§ **Exercise instructions**: Starting at the first line of the data below, repeat each line word for word up to and including the line with "Premio Nobel de".

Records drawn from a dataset
==*==

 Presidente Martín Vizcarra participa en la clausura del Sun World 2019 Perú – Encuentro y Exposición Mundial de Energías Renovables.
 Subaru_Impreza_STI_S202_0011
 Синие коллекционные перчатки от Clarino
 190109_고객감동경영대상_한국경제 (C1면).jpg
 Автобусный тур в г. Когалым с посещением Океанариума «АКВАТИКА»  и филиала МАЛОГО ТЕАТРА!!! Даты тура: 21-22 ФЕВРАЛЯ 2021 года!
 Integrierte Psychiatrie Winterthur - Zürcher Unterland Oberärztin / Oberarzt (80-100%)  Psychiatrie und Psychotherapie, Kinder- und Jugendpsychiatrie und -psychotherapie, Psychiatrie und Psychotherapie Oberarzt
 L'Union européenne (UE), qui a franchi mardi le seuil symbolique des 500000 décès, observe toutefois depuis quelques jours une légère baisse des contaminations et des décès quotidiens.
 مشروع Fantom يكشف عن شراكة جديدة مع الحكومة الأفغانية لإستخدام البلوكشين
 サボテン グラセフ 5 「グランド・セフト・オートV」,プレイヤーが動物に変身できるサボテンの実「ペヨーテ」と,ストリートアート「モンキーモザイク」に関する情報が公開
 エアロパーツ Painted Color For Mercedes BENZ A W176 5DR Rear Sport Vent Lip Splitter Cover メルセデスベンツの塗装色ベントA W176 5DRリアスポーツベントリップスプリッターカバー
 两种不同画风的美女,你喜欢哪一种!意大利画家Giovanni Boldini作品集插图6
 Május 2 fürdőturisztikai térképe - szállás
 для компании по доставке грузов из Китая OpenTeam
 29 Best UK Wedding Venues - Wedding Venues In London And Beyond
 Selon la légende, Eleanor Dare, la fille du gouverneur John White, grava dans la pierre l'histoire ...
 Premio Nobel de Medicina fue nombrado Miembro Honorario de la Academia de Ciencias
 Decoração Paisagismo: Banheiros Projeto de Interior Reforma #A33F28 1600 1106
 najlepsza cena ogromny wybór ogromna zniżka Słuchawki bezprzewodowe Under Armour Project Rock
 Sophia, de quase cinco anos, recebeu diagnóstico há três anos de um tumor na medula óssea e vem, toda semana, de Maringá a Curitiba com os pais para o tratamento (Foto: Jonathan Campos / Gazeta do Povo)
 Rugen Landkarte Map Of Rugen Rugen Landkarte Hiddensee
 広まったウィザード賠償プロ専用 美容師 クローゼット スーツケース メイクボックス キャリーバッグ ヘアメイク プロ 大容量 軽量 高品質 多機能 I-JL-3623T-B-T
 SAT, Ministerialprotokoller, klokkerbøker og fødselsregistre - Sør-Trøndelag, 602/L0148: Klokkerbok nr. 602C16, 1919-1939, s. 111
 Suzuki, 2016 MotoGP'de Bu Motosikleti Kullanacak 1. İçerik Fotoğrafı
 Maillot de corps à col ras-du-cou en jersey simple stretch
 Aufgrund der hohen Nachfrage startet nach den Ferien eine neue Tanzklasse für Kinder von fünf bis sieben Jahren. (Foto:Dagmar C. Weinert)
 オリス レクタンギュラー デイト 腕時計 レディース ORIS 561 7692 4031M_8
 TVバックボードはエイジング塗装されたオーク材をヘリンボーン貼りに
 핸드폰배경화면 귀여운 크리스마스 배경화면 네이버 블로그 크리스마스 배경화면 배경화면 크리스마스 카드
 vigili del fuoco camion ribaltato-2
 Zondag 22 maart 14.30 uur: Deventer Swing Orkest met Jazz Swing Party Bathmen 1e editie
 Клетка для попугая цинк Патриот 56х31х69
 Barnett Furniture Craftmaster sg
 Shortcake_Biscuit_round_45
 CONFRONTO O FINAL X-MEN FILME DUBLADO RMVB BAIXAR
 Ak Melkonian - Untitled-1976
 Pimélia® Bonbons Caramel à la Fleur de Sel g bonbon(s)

==*==

§ **Answer to this task**:
 Presidente Martín Vizcarra participa en la clausura del Sun World 2019 Perú – Encuentro y Exposición Mundial de Energías Renovables.
 Subaru_Impreza_STI_S202_0011
 Синие коллекционные перчатки от Clarino
 190109_고객감동경영대상_한국경제 (C1면).jpg
 Автобусный тур в г. Когалым с посещением Океанариума «АКВАТИКА»  и филиала МАЛОГО ТЕАТРА!!! Даты тура: 21-22 ФЕВРАЛЯ 2021 года!
 Integrierte Psychiatrie Winterthur - Zürcher Unterland Oberärztin / Oberarzt (80-100%)  Psychiatrie und Psychotherapie, Kinder- und Jugendpsychiatrie und -psychotherapie, Psychiatrie und Psychotherapie Oberarzt
 L'Union européenne (UE), qui a franchi mardi le seuil symbolique des 500000 décès, observe toutefois depuis quelques jours une légère baisse des contaminations et des décès quotidiens.
 مشروع Fantom يكشف عن شراكة جديدة مع الحكومة الأفغانية لإستخدام البلوكشين
 サボテン グラセフ 5 「グランド・セフト・オートV」,プレイヤーが動物に変身できるサボテンの実「ペヨーテ」と,ストリートアート「モンキーモザイク」に関する情報が公開
 エアロパーツ Painted Color For Mercedes BENZ A W176 5DR Rear Sport Vent Lip Splitter Cover メルセデスベンツの塗装色ベントA W176 5DRリアスポーツベントリップスプリッターカバー
 两种不同画风的美女,你喜欢哪一种!意大利画家Giovanni Boldini作品集插图6
 Május 2 fürdőturisztikai térképe - szállás
 для компании по доставке грузов из Китая OpenTeam
 29 Best UK Wedding Venues - Wedding Venues In London And Beyond
 Selon la légende, Eleanor Dare, la fille du gouverneur John White, grava dans la pierre l'histoire ...
 Premio Nobel de Medicina fue nombrado Miembro Honorario de la Academia de Ciencias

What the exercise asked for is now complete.